As shown in FIGS. 1 and 2, the centrifugal compressor 100 includes a connection passage 70. The connection passage 70 connects the first discharge port 39 to the second suction port 40 such that air flows from the first discharge port 39 toward the second suction port 40. The connection passage 70 includes a first impeller housing member connection passage 101, a second impeller housing member connection passage 102, and a motor housing member connection passage 13b. Thus, in the present embodiment, the connection passage 70 is defined by the first impeller housing member connection passage 101, the second impeller housing member connection passage 102, and the motor housing member connection passage 13b.

The first compressor housing member 11 includes a first passage 11a. The first compressor housing member 11 has a first passage defining surface 11b. The first passage defining surface 11b defines the first passage 11a. A first end of the first passage 11a is connected to the first discharge port 39. A second end of the first passage 11a opens in the end face of the first compressor housing member 11 located toward the second plate 17 and at a portion located outward from the first discharge chamber 37 in the radial direction of the rotary shaft 50. The first passage defining surface 11b is a curved surface extending from an opening edge at the second end of the first passage 11a.
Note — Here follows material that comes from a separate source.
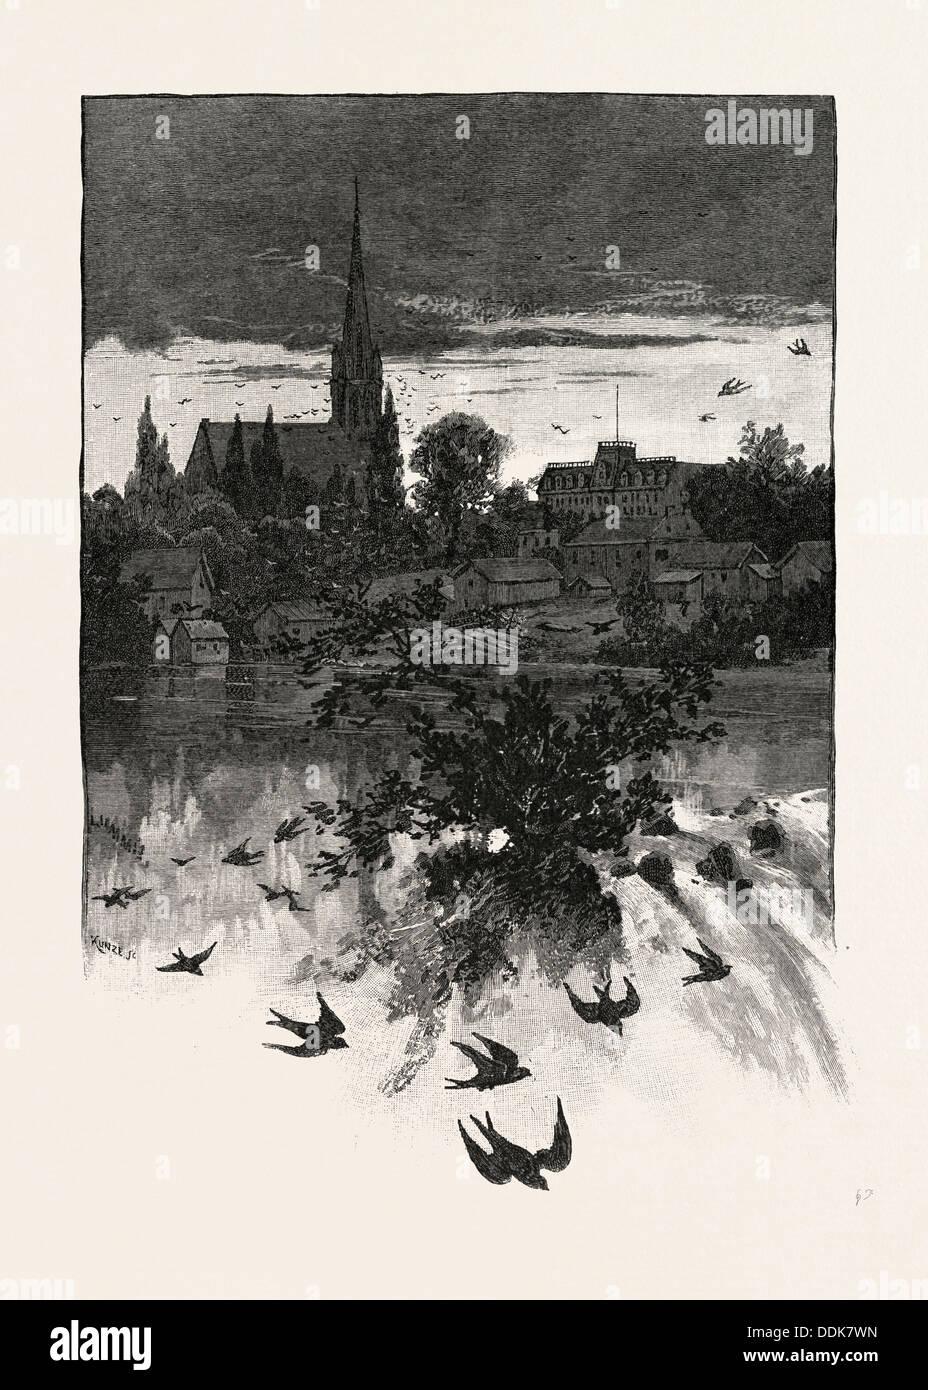 STRATFORD, CANADA, NINETEENTH CENTURY ENGRAVING - Stock Image
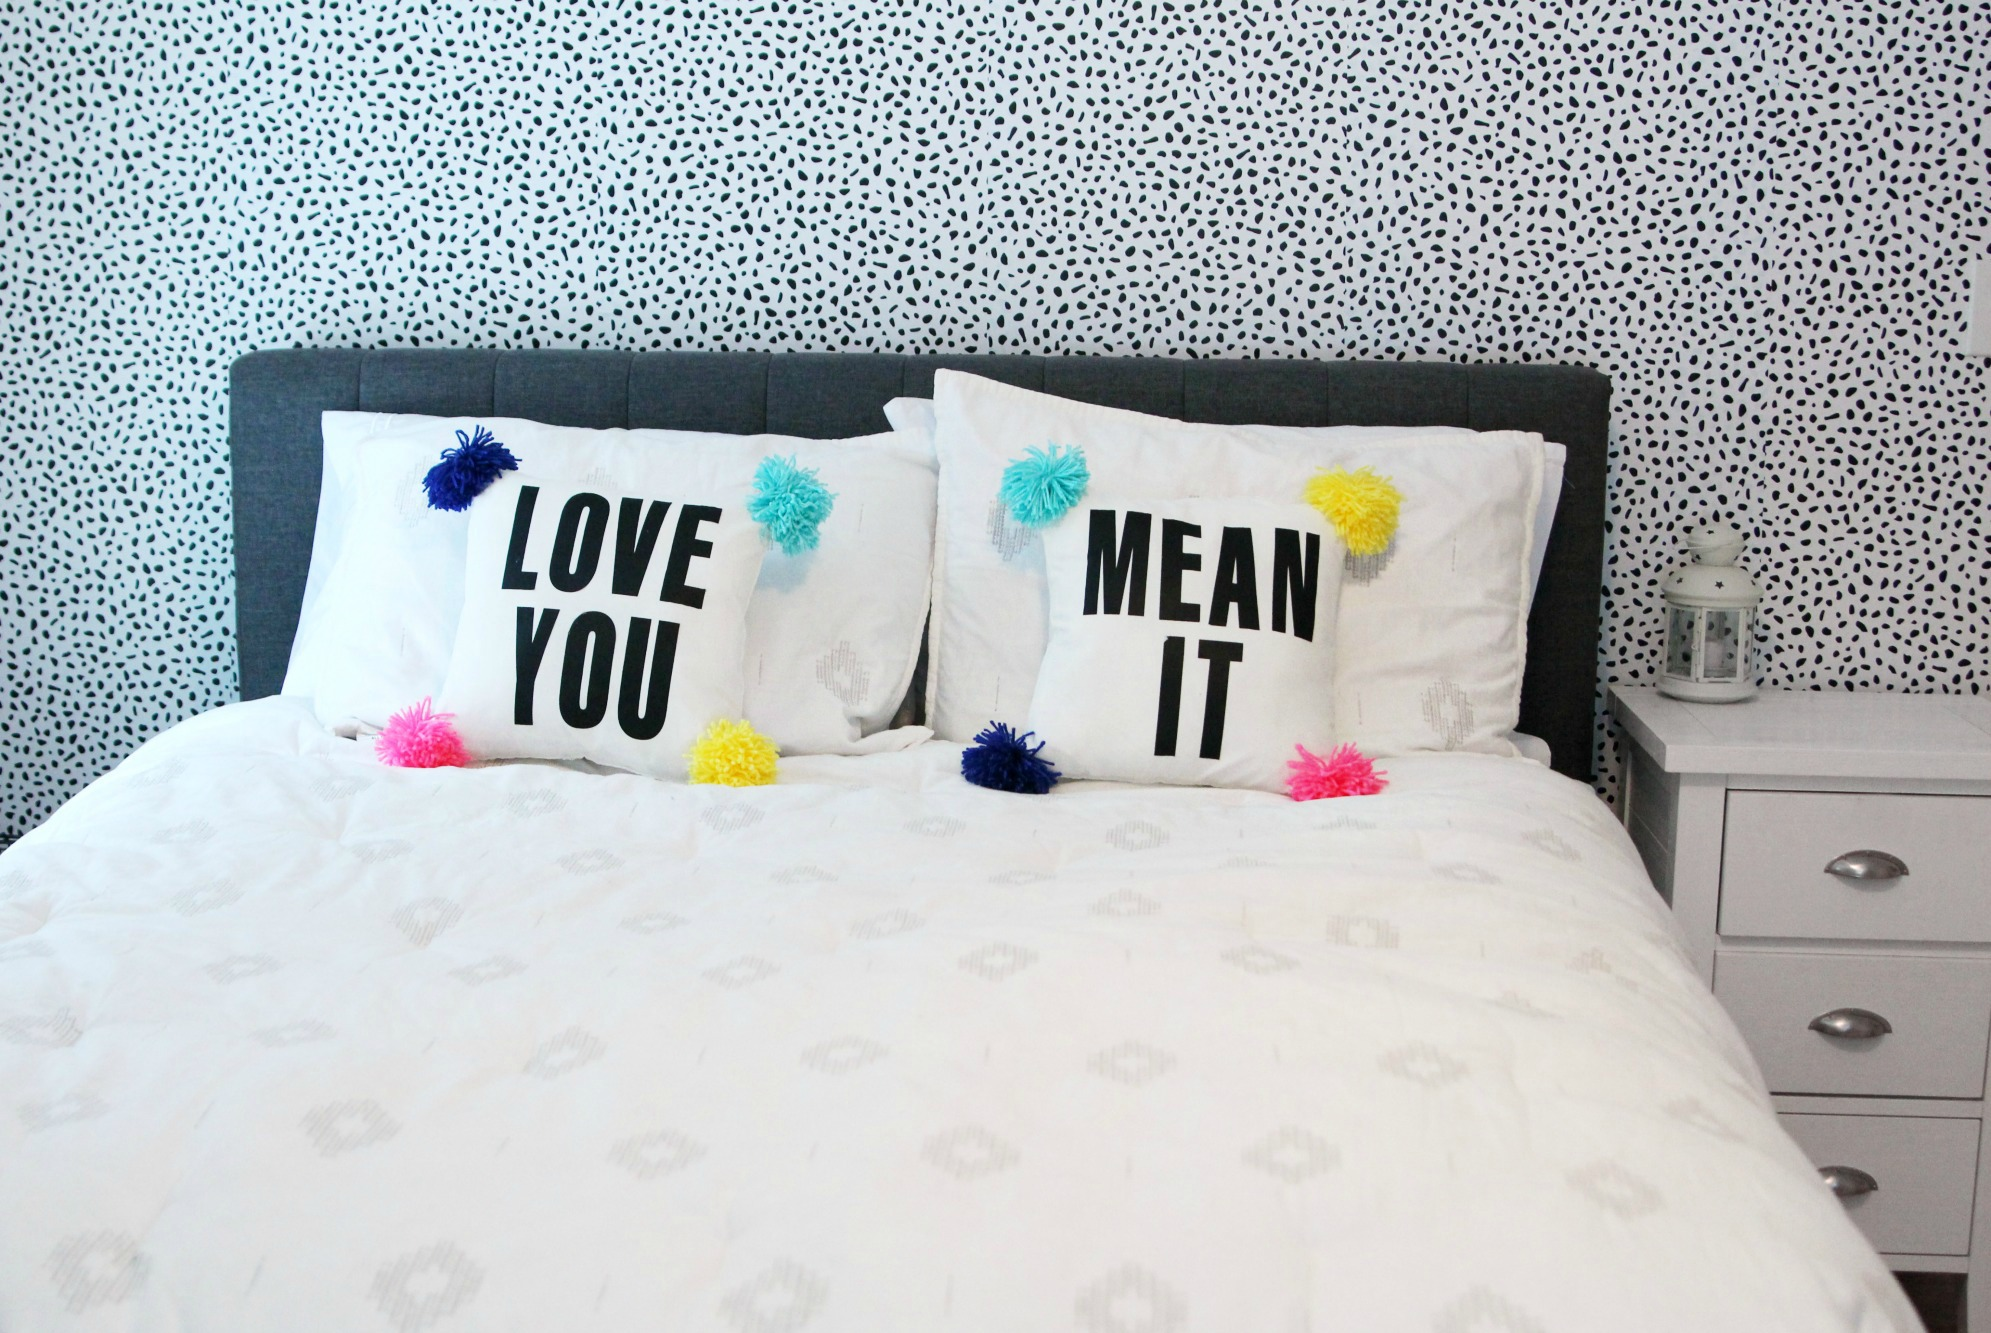 DIY Love Your Pom Pom Pillow with Text | No-Sew Pillowcase

The second plate 17 has a second plate hole 17a. The second plate 17 includes a second plate hole defining surface 17b. The second plate hole defining surface 17b defines the second plate hole 17a. The second plate hole defining surface 17b is continuous with the first passage defining surface 11b. In other words, the second plate hole 17a is connected to the first passage 11a. The second plate hole 17a opens in the opposite end faces of the second plate 17 in the thickness direction. The second plate hole 17a is connected to the second end of the first passage 11a.

The first impeller housing member connection passage 101 is defined by the first passage 11a and the second plate hole 17a. In other words, the first impeller housing member connection passage 101 is formed in the first impeller housing member 10b. Thus, the first impeller housing member connection passage 101 is formed in the housing 10. A first end of the first impeller housing member connection passage 101 is connected to the first discharge port 39. Air flows through the first impeller housing member connection passage 101 from the first discharge port 39. Thus, the first impeller housing member connection passage 101 is located in the first impeller housing member 10b and connected to the first discharge port 39. A second end of the first impeller housing member connection passage 101 opens in the end face of the second plate 17 located toward the first plate 16 and at a portion located outward from the first discharge chamber 37 in the radial direction of the rotary shaft 50.

A boundary L1 between the first end of the first impeller housing member connection passage 101 and the first discharge port 39 is indicated by the long dashed double-short dashed line in FIG. 2. The portion of the first impeller housing member 10b corresponding to the boundary L1 between the first end of the first impeller housing member connection passage 101 and the first discharge port 39 corresponds to the location where a first end of a pipe that has been conventionally used to connect the first discharge port 39 to the second suction port 40 is connected. The first impeller housing member connection passage 101 of the present embodiment extends from a portion corresponding to the location where the first end of the conventional pipe is connected.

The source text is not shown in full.